With some analysts predicting the Bank of England's base rate, currently standing at 2.25 per cent, will have to rise to as high as 6 per cent next year, some lenders began withdrawing mortgage products amid the uncertainty.
Major mortgage lenders Santander and HSBC, along with the Nationwide and Yorkshire building societies, joined a rush of lenders to pull home loans or up their rates, reports The Mirror.
The situation was triggered by Chancellor, Kwasi Kwarteng, on Friday when he unveiled a massive £45 billion of tax cuts funded by Government borrowing.
Huw Pill, the Bank of England's chief economist, said: "We don’t know what the future holds. Not for the next few weeks, not for the next few days – or even perhaps not for the next few hours.”
The Bank of England should consider holding an emergency meeting and look to act 'promptly and forcefully' on interest rates to head off the threat of a further run on the pound, its former deputy governor has warned.
With his fixed-rate mortgage deal ending this month, Birmingham resident Mr Pepperell knew he would have to pay more but delayed a decision so he could shop around for the best deal.

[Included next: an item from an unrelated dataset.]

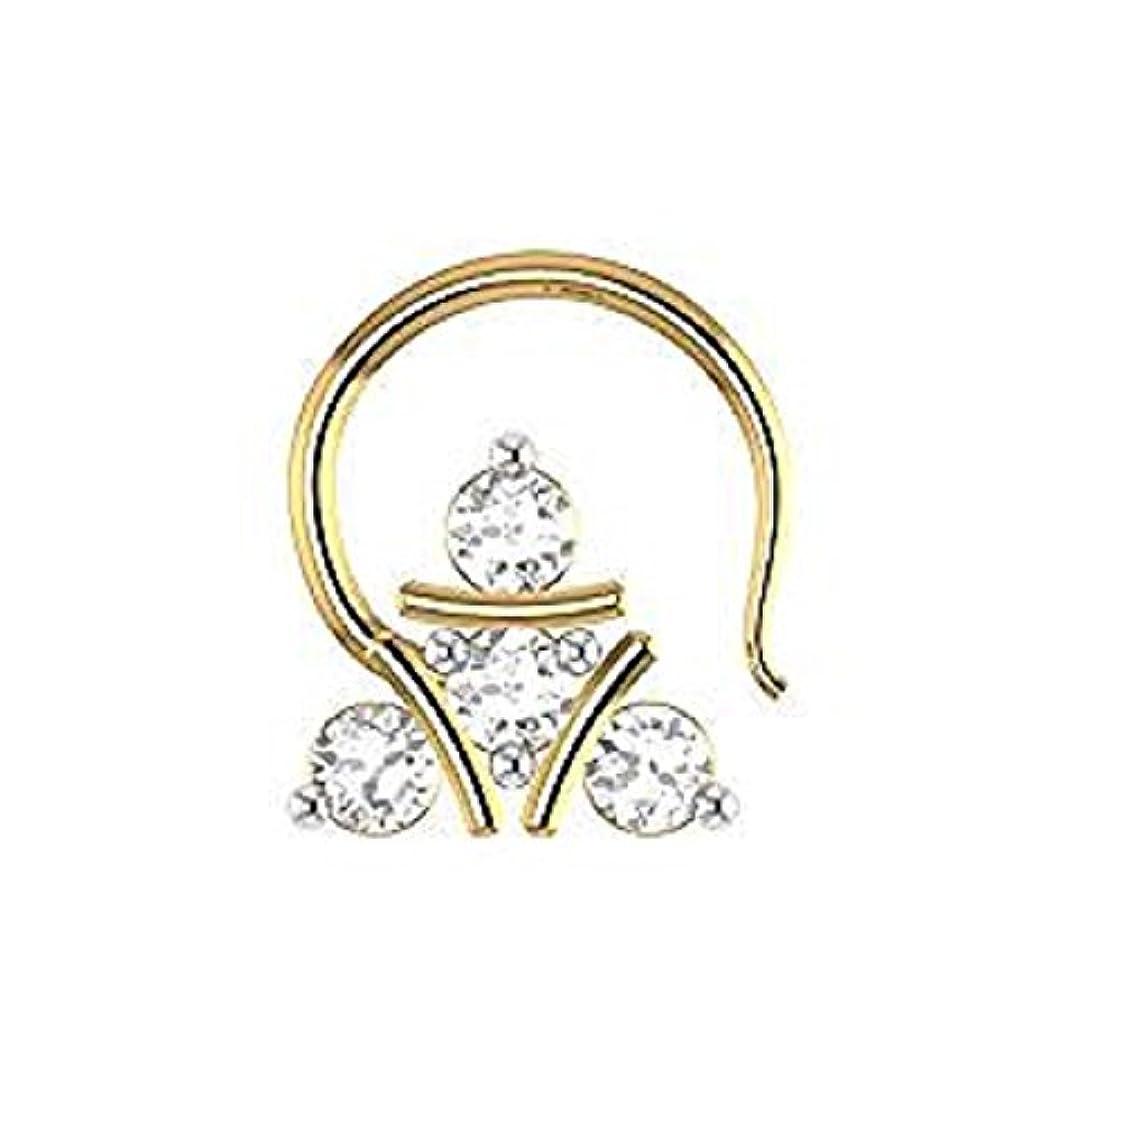 策定する悪行硫黄silvergemking D/vvs1ダイヤモンド14 KイエローゴールドFN。925スターリング鼻ピアスリングピンスタッド

He was expecting to pay £150 more a month but said every time he spoke to his mortgage adviser, he found fewer deals were available. He has now locked in a new deal for two years at £250 more per month than he and partner, Deanna, were previously paying.

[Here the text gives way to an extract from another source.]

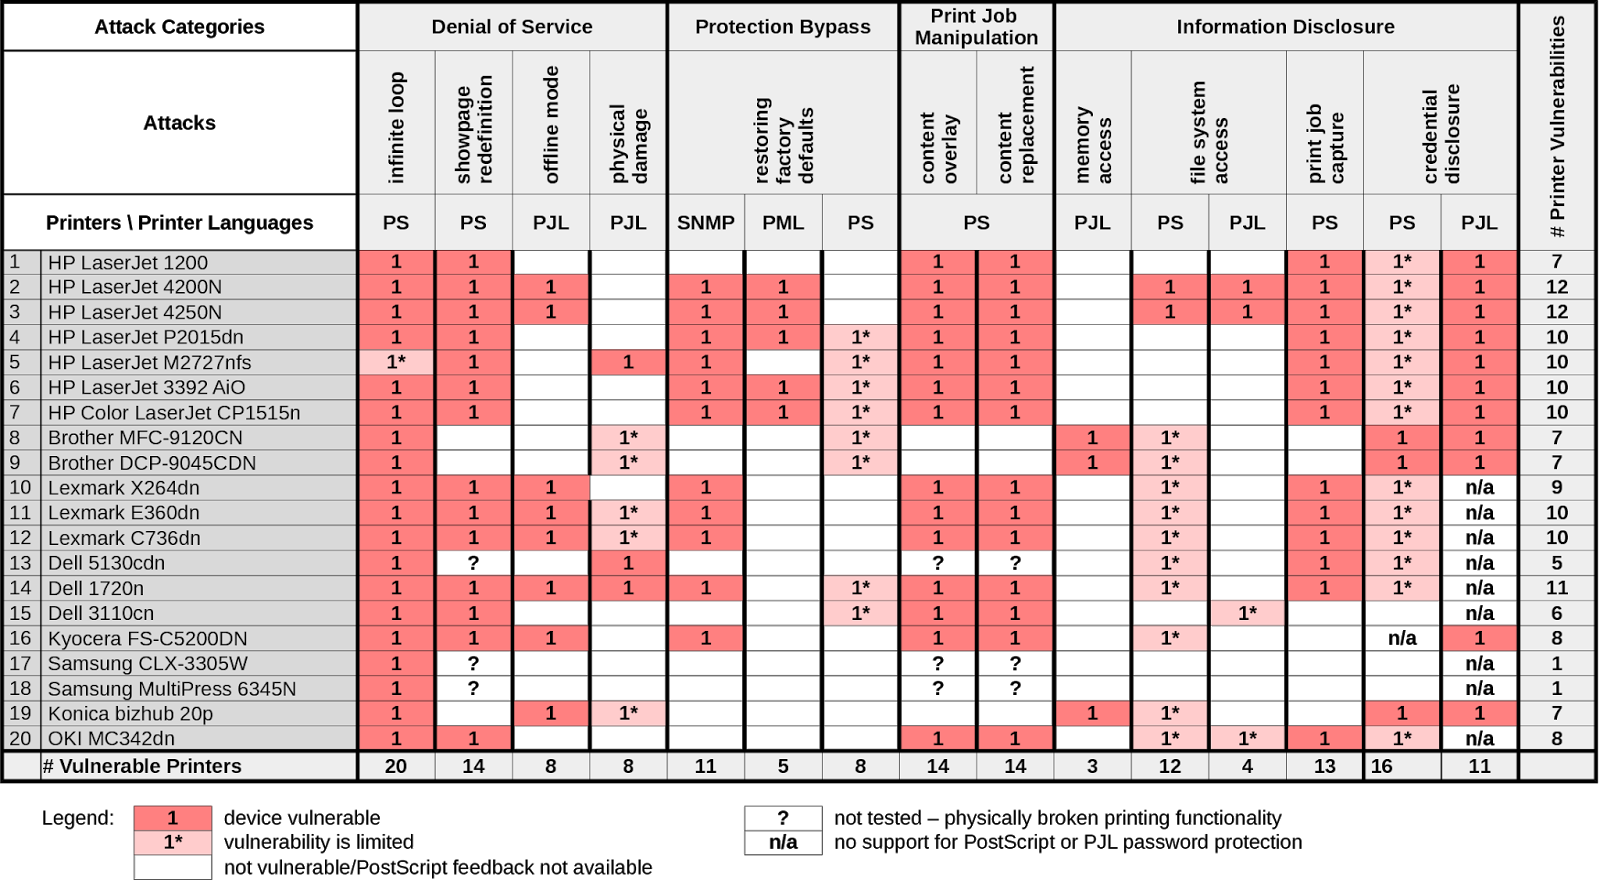 Printer Attacks Chart1.png

Mr Pepperall works for a sports brand and Deanna is in retail.
Meanwhile, sales assistant Robin Price, 38, has spent years saving for a mortgage deposit and, thanks to that pot and an inheritance, is now ready to buy. But with the threat of a sharp rise in interest rates looming, he said he now feels completely lost.
He fears the monthly mortgage repayments will become unaffordable.
Robin, on the minimum wage, said: "I just want a home. I can't find anywhere that I can afford a mortgage on in London or Essex because I don't earn enough."